Note that the old law as well as the new require that the testator himself sign the will, or if he
cannot do so, the testator's name must be written by some other person in his presence and by his
express direction. Applying this provision this Court said in the case of Ex Parte Pedro Arcenas, et
al., Phil., 700:

It will be noticed from the above-quoted section 618 of the Code of Civil Procedure that where the
testator does not know how, or is unable, to sign, it will not be sufficient that one of the attesting
witnesses signs the will at the testator's request, the notary certifying thereto as provided in Article
695 of the Civil Code, which, in this respect, was modified by section 618 above referred to, but it
is necessary that the testator's name be written by the person signing in his stead in the place
where he could have signed if he knew how or was able to do so, and this in the testator's presence
and by his express direction; so that a will signed in a manner different than that prescribed by law
shall not be valid and will not be allowed to be probated.

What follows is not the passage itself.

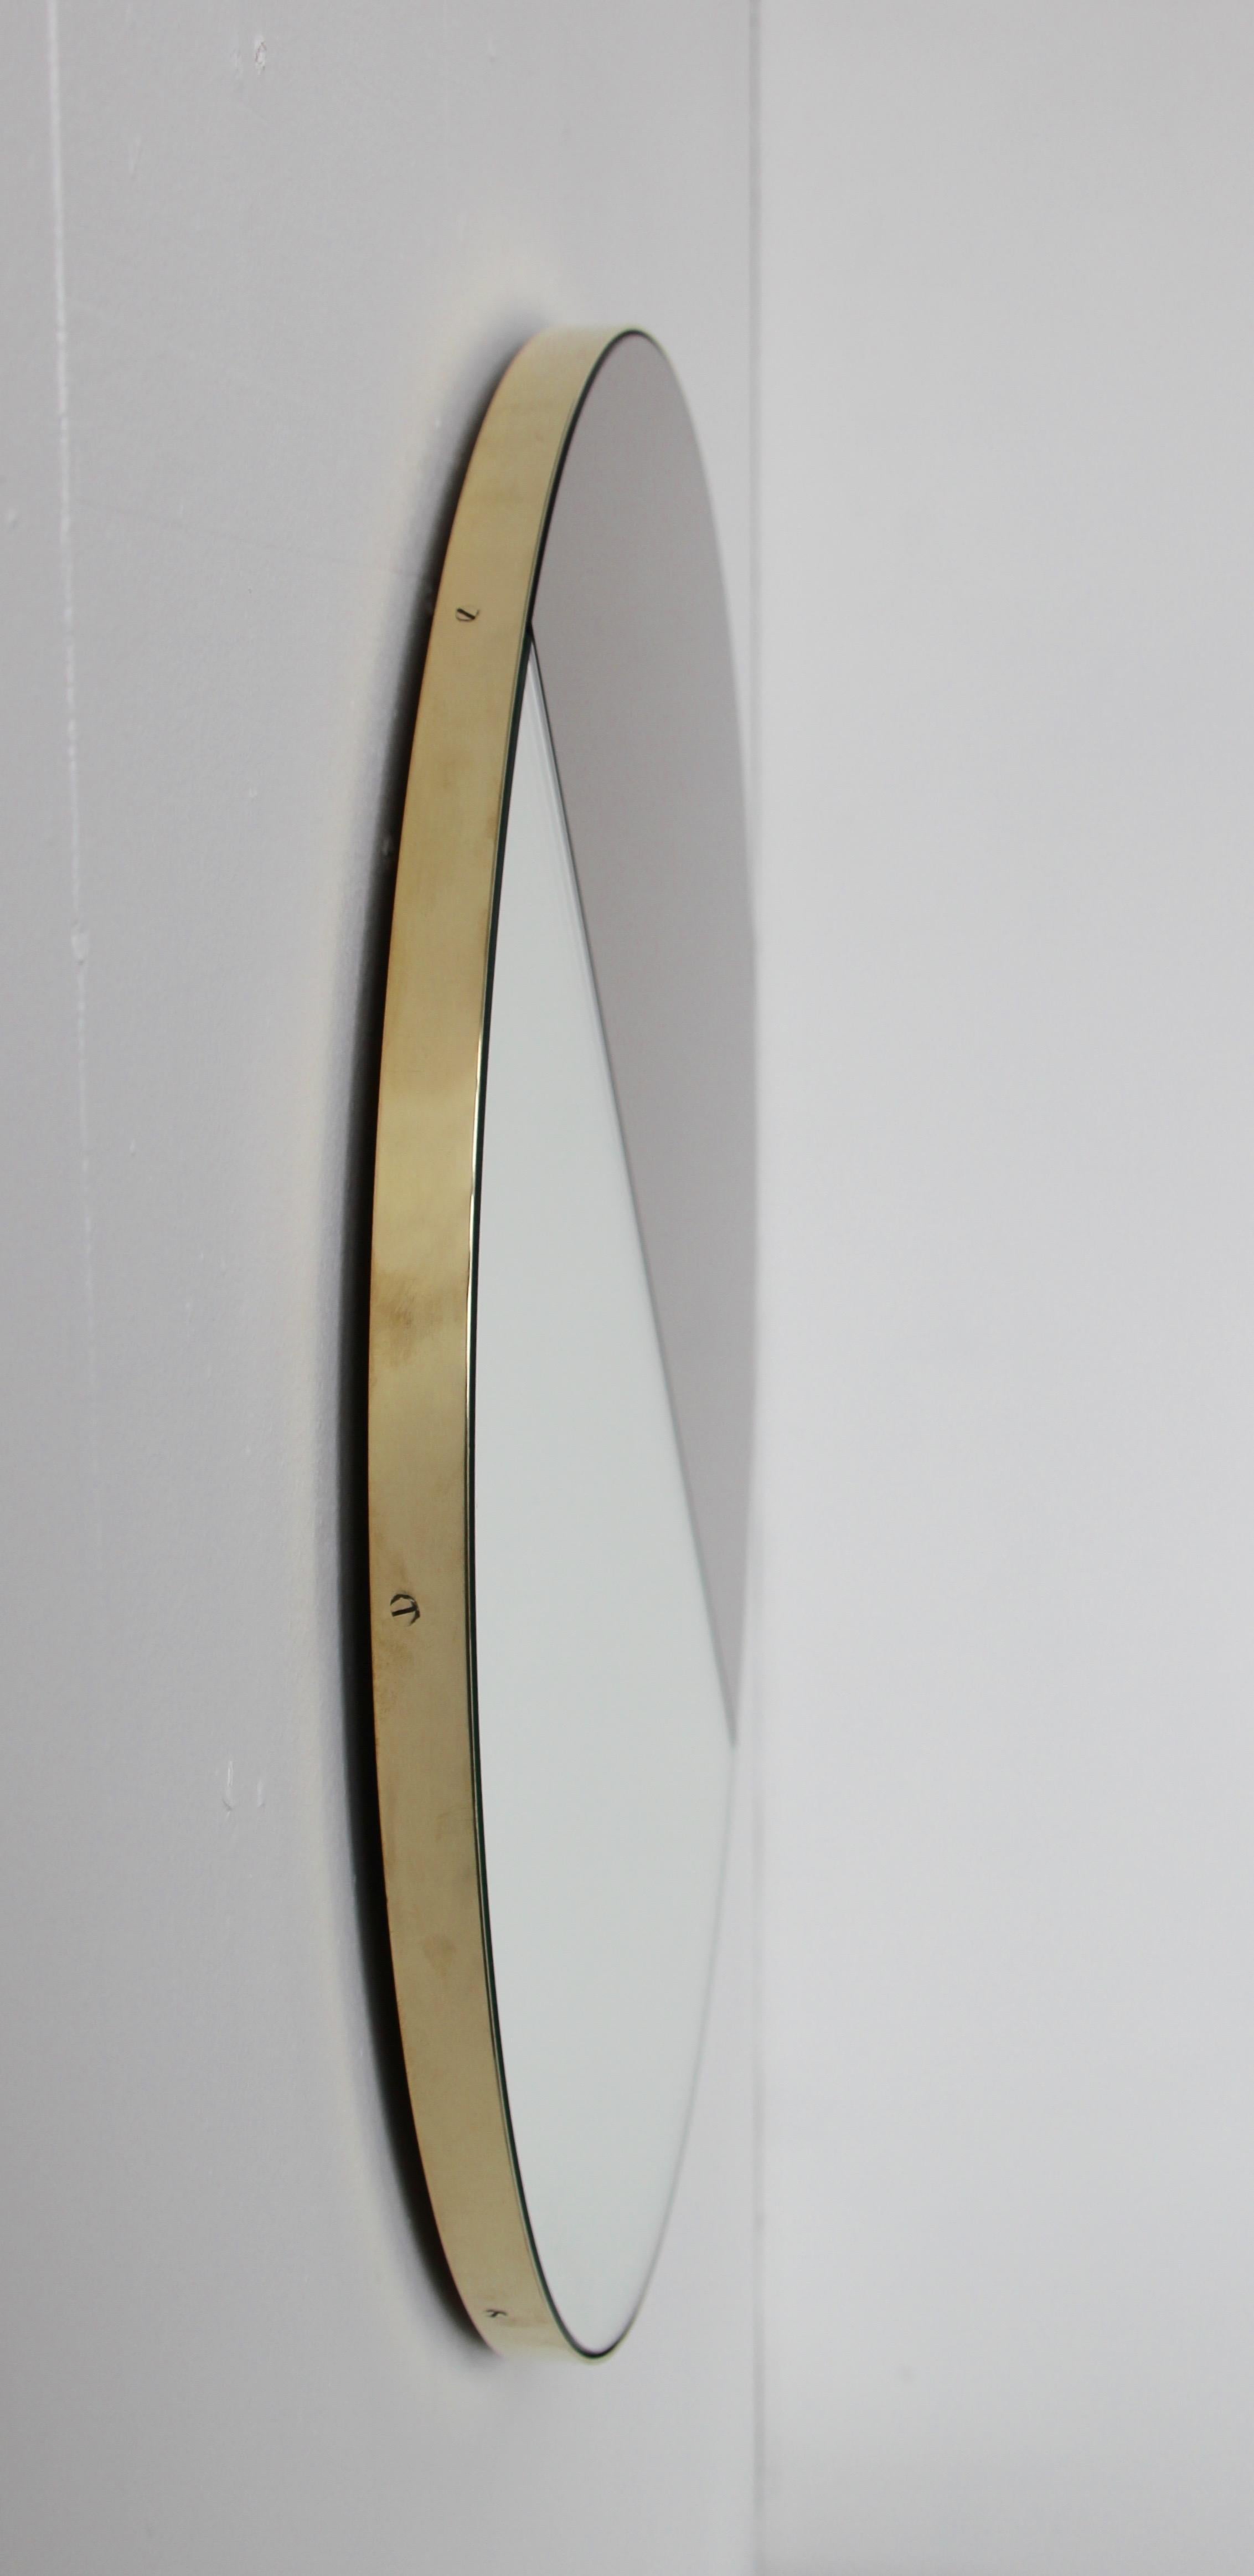 British Orbis Dualis Mixed Silver + Bronze Round Mirror with Brass Frame, Medium For Sale

Where a testator does not know how, or is unable for any reason, to sign the will himself, it shall
be signed in the following manner:

John Doe by the testator, Richard Doe; or in this form: "By the testator, John Doe, Richard Doe."
All this must be written by the witness signing at the request of the testator.

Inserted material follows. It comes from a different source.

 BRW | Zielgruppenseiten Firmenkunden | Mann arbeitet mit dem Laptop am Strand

Therefore, under the law now in force, the witness Naval A. Vidal should have written at the
bottom of the will the full name of the testator and his own name in one forms given above. He
did not do so, however, and this is failure to comply with the law is a substantial defect which
affects the validity of the will and precludes its allowance, notwithstanding the fact that no one
appeared to oppose it.

The same ruling was laid down in the case of Cuison vs. Concepcion, 5 Phil., 552. In the case of
Barut vs. Cabacungan, 21 Phil., 461, we held that the important thing is that it clearly appears that
the name of the testatrix was signed at her express direction; it is unimportant whether the person
who writes the name of the testatrix signs his own or not. Cases of the same import areas follows:
(Ex Parte Juan Ondevilla, 13 Phil., 479, Caluya vs. Domingo, 27 Phil., 330; Garcia vs. Lacuesta,
90 Phil., 489).

In the case at bar the name of the testatrix, Anacleta Abellana, does not appear written under the
will by said Abellana herself, or by Dr. Juan Abello. There is, therefore, a failure to comply with
the express requirement in the law that the testator must himself sign the will, or that his name be
affixed thereto by some other person in his presence and by his express direction.

It appearing that the above provision of the law has not been complied with, we are constrained to
declare that the said will of the deceased Anacleta Abellana may not be admitted to probate.

WHEREFORE, the decision appealed from is hereby set aside and the petition for the probate of
the will denied. With costs against petitioner.